**Problem details**
Exclude the images, then return every line below exactly as written.

**Provided data**
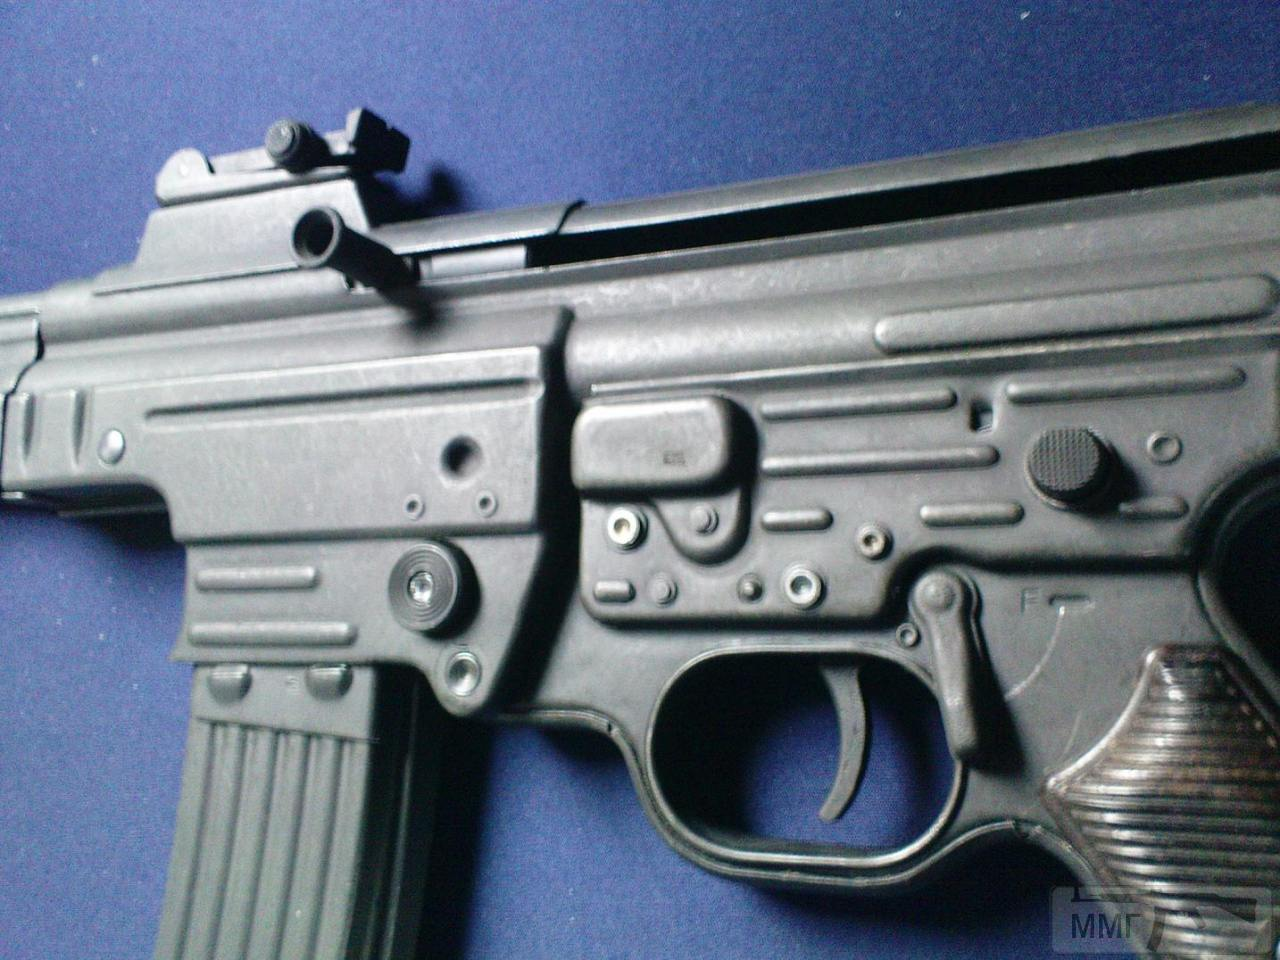 109360 - Sturmgewehr Haenel / Schmeisser MP 43MP 44 Stg.44 - прототипы, конструкция история
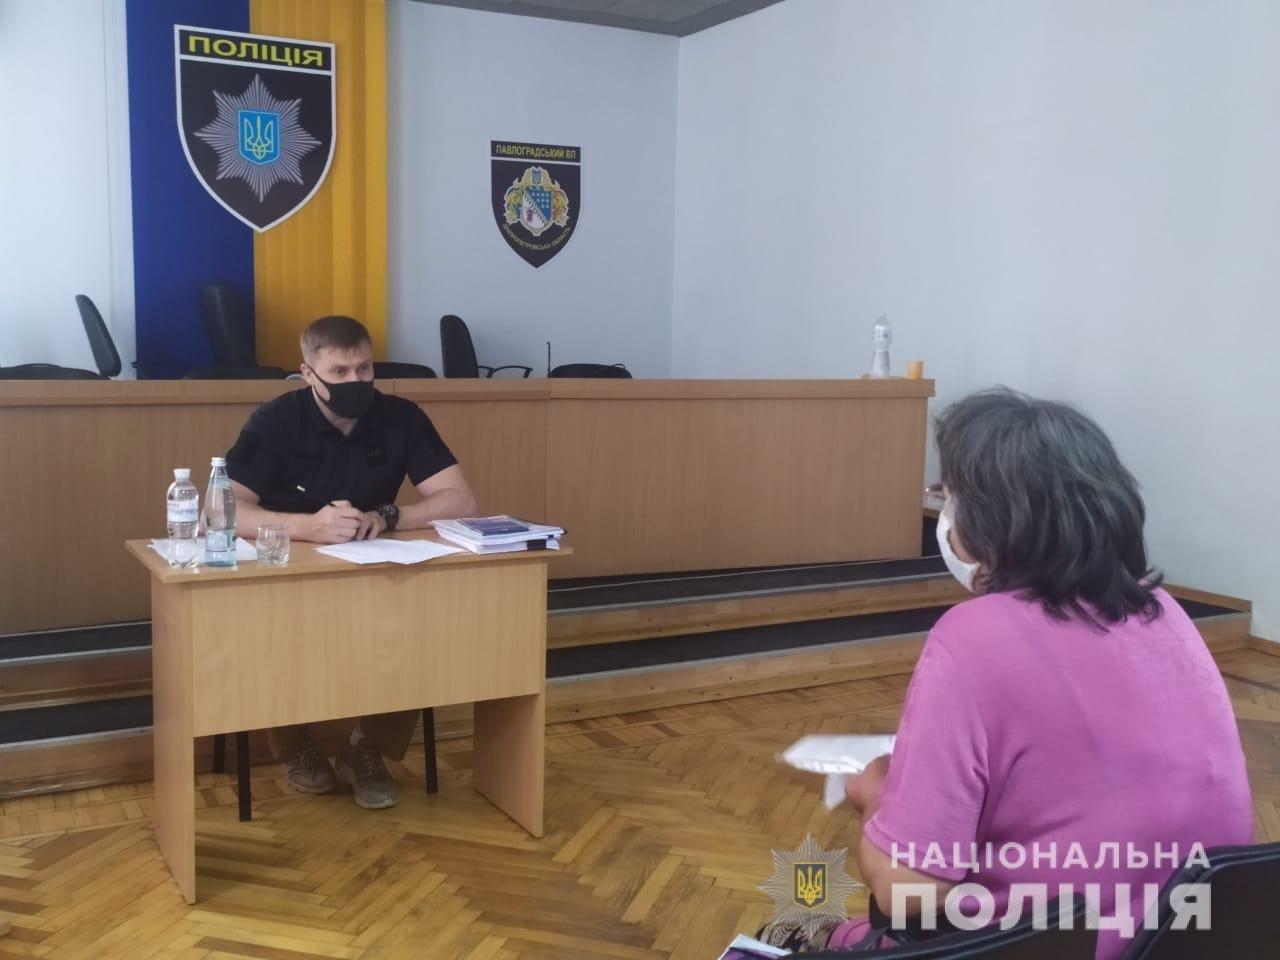 Временно исполняющий обязанности начальника Павлоградского отдела полиции уже принял более 60 жителей (ВИДЕО), фото-1
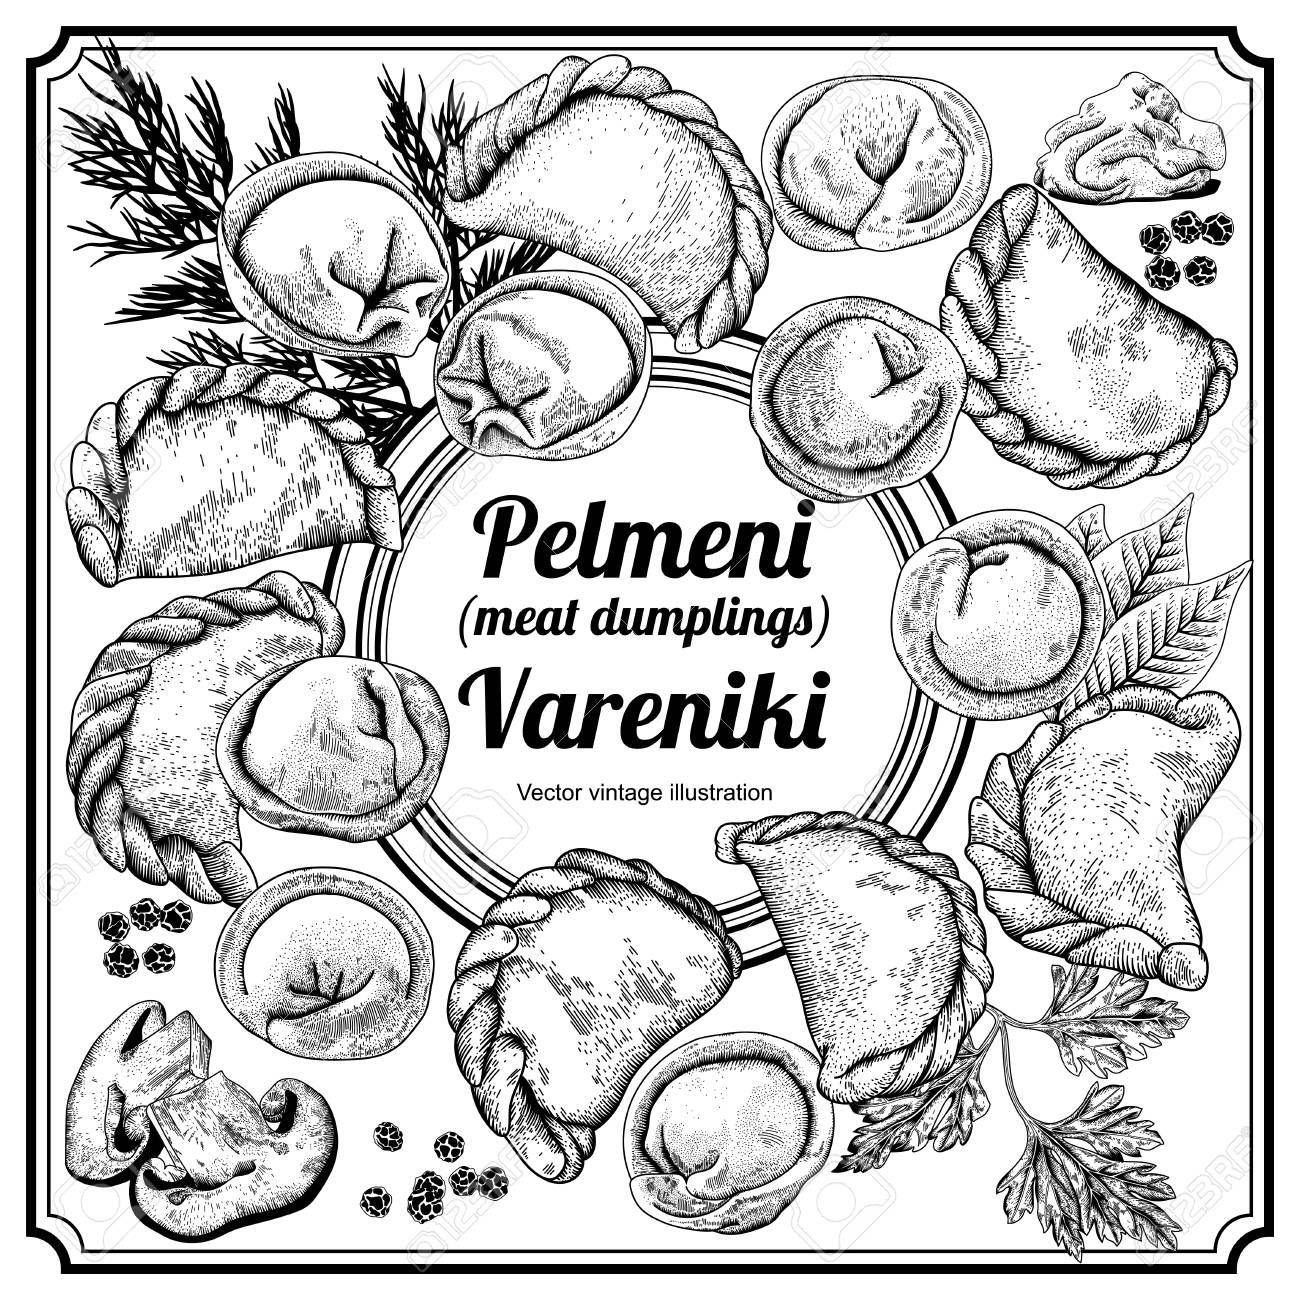 vareniki pelmeni meat dumplings food dill parsley black  pelmeni meat dumplings food dill parsley black pepper

**Response**
 109360 - Sturmgewehr Haenel / Schmeisser MP 43MP 44 Stg.44 - прототипы, конструкция история
 Временно исполняющий обязанности начальника Павлоградского отдела полиции уже принял более 60 жителей (ВИДЕО), фото-1
 vareniki pelmeni meat dumplings food dill parsley black  pelmeni meat dumplings food dill parsley black pepper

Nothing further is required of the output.